2. Komfortable Aufbewahrungskappen, Dringlichkeit
Die Lagerbestände wurden Ende März laut EIA-Bericht „Short-Term Energy Outlook: Natural gas, May 12, 2026 “ auf 1.908 Milliarden Kubikfuß geschätzt, was etwa 4 % über dem Fünfjahresdurchschnitt liegt. Dies garantiert zwar keine niedrigeren Preise, verringert aber die Toleranz des Marktes gegenüber einem anhaltenden Winteraufschlag.
3. Wetterbedingte Faktoren können die Preise schneller senken, als fundamentale Maßnahmen Abhilfe schaffen können.

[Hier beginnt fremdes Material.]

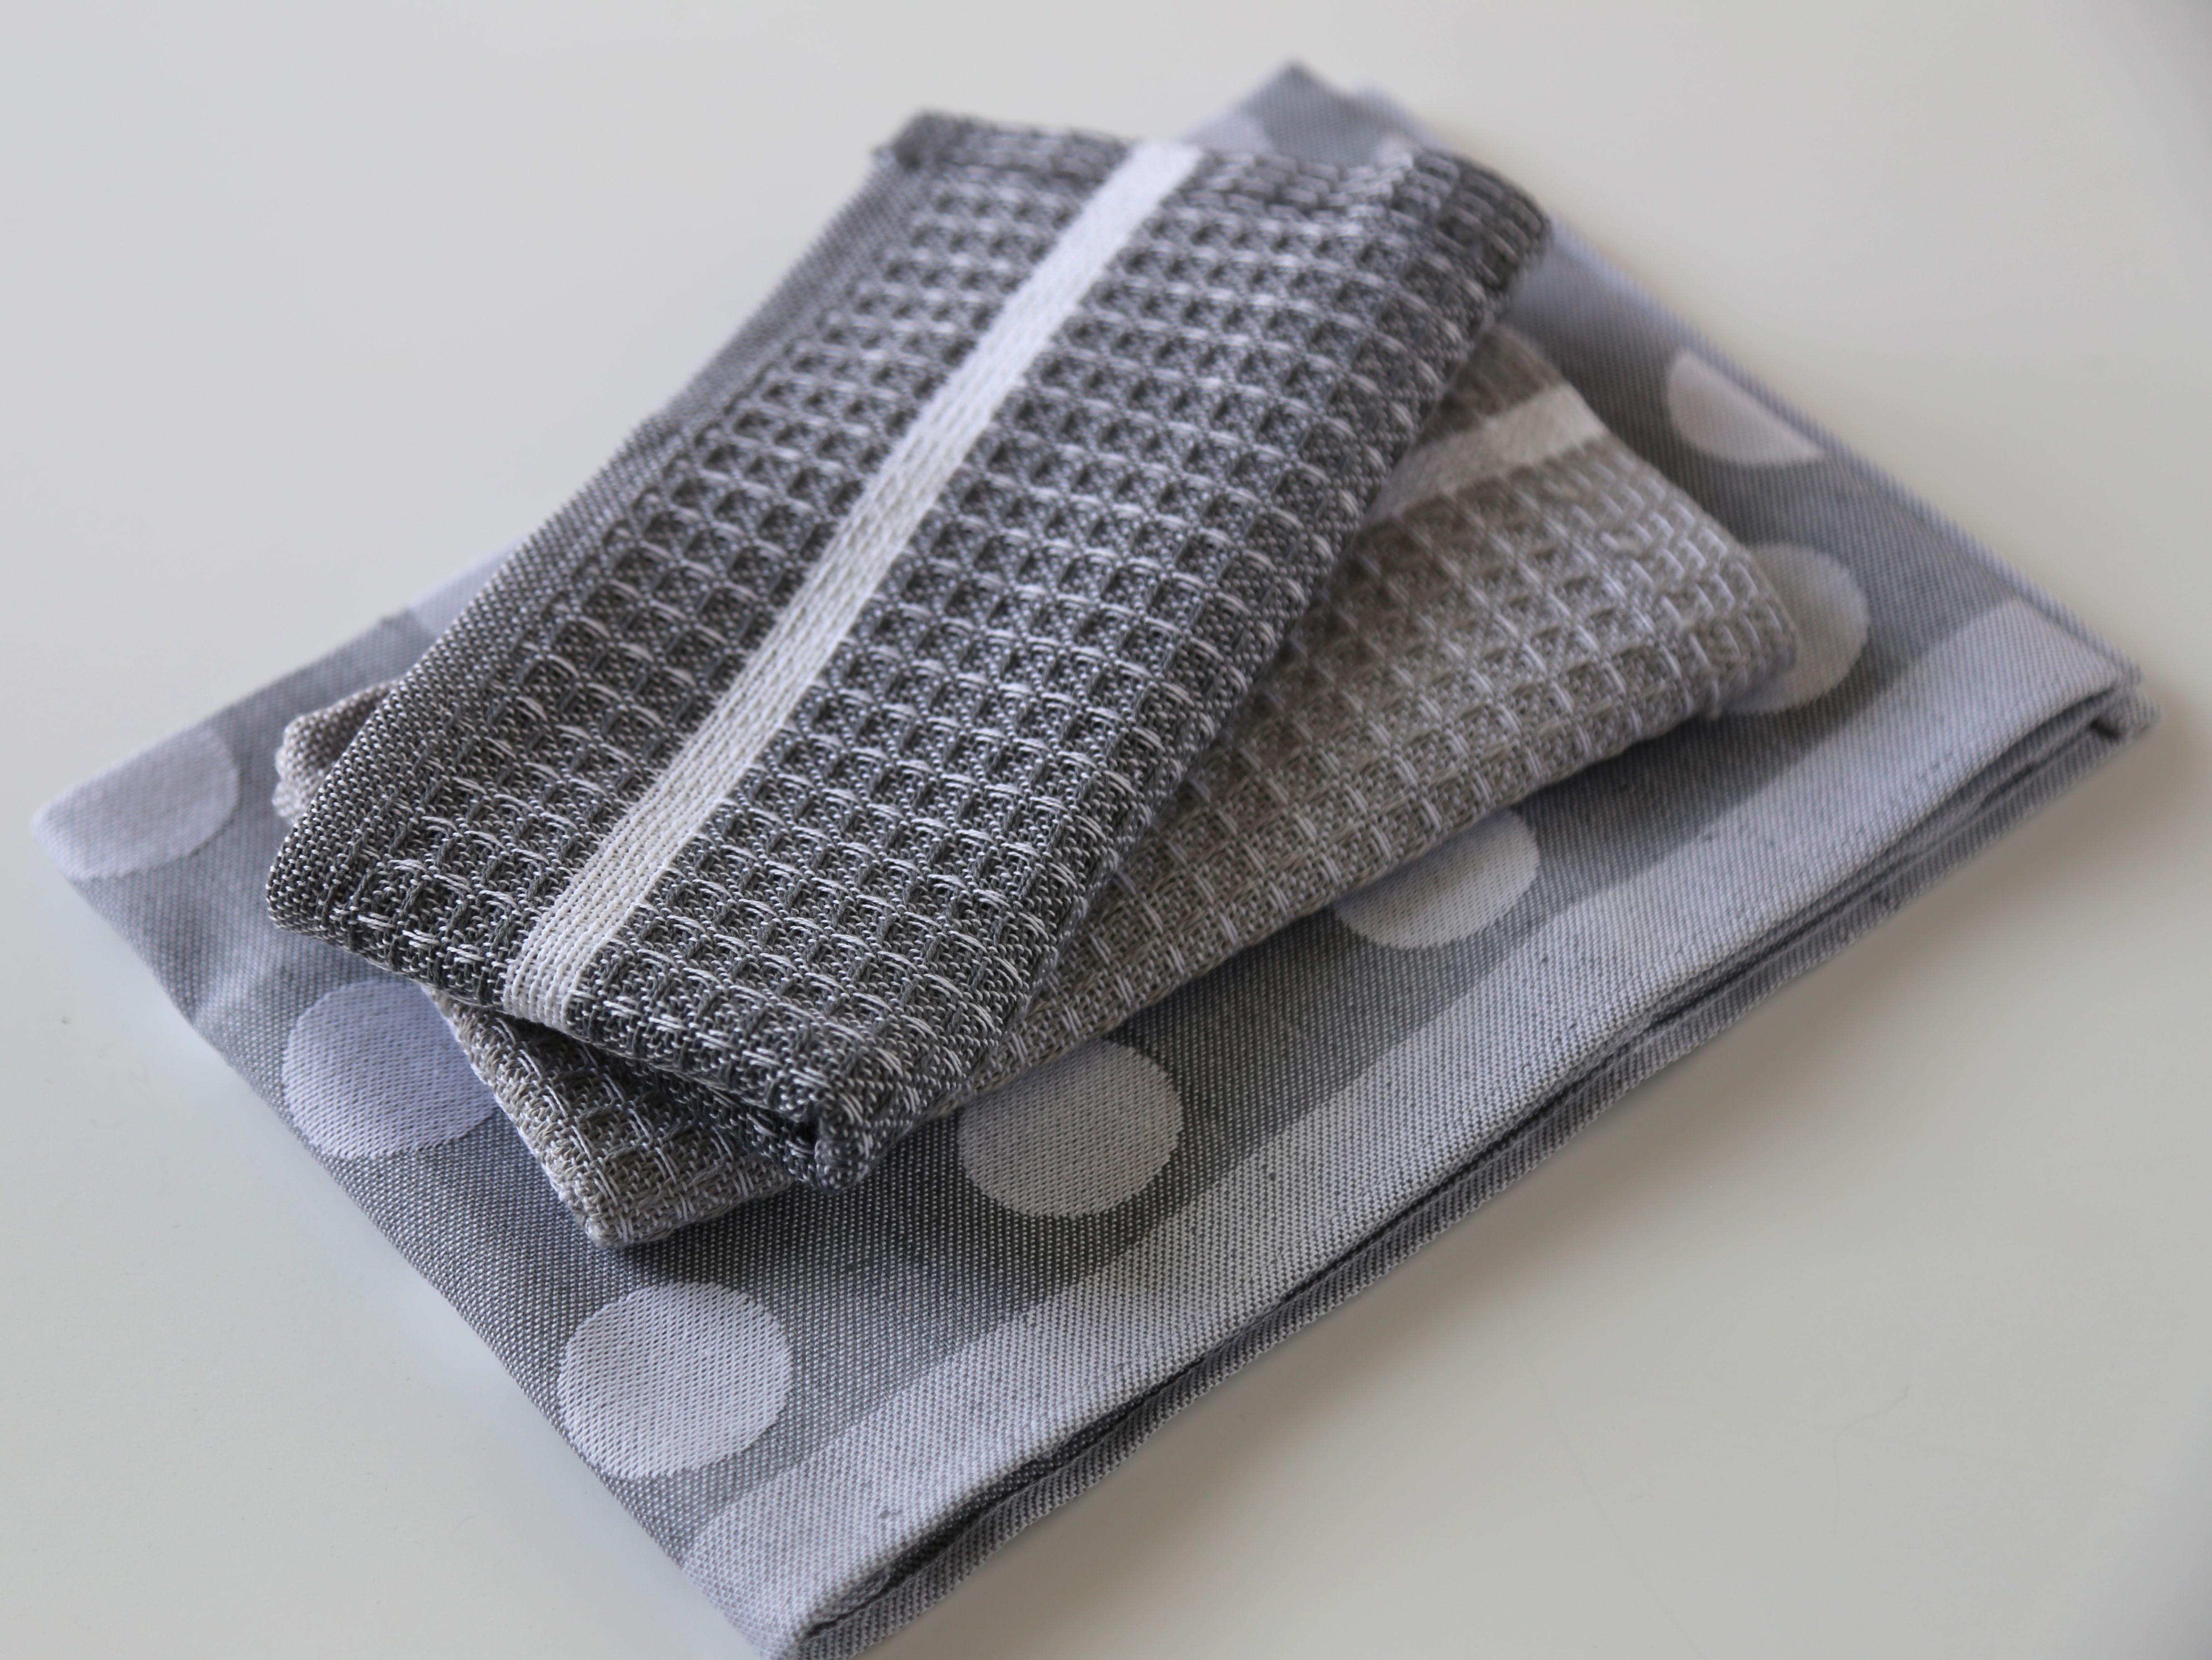 geschirrtuch und sp llappen produkte bei kochkultur pinterest. Black Bedroom Furniture Sets. Home Design Ideas

Gaspreise reagieren oft deutlich schneller auf Wettereinflüsse als auf strukturelle Nachfrageänderungen. Ein plötzlicher Umschwung von Kälte zu Milde kann eine kurzfristige Preissteigerung zunichtemachen, selbst wenn die langfristigen Aussichten für LNG weiterhin bestehen.
4. Eine schnellere Normalisierung des globalen LNG-Marktes würde die positive Exportthese beeinträchtigen.
Obwohl die Zusammenfassung des IEA-Gasmarktberichts für das zweite Quartal 2026 derzeit hinsichtlich der globalen Angebotsknappheit positiv ausfällt, würden ein saubererer Reparatur- und Wiederanlaufpfad im Nahen Osten oder ein schnellerer globaler Angebotszuwachs die US-Exportarbitrage verringern und die inländische Unterstützung reduzieren.
5. Nachfrageseitige Effizienz kann die Gasverbrennung unbemerkt beeinträchtigen.
Die IEA-Studie „Energie und KI: Energienachfrage durch KI“ und der IWF-Weltwirtschaftsausblick vom April 2026 lassen beide Raum für einen effizienteren, aber langsameren Nachfragepfad, als es die gängigen KI-Berichte suggerieren. Sollte der Strombedarf durch höhere Effizienz, erneuerbare Energien, Speicherkapazitäten und Übertragungsnetze gedeckt werden als erwartet, könnte Gas nicht den gleichen zusätzlichen Bedarf decken, wie Optimisten annehmen.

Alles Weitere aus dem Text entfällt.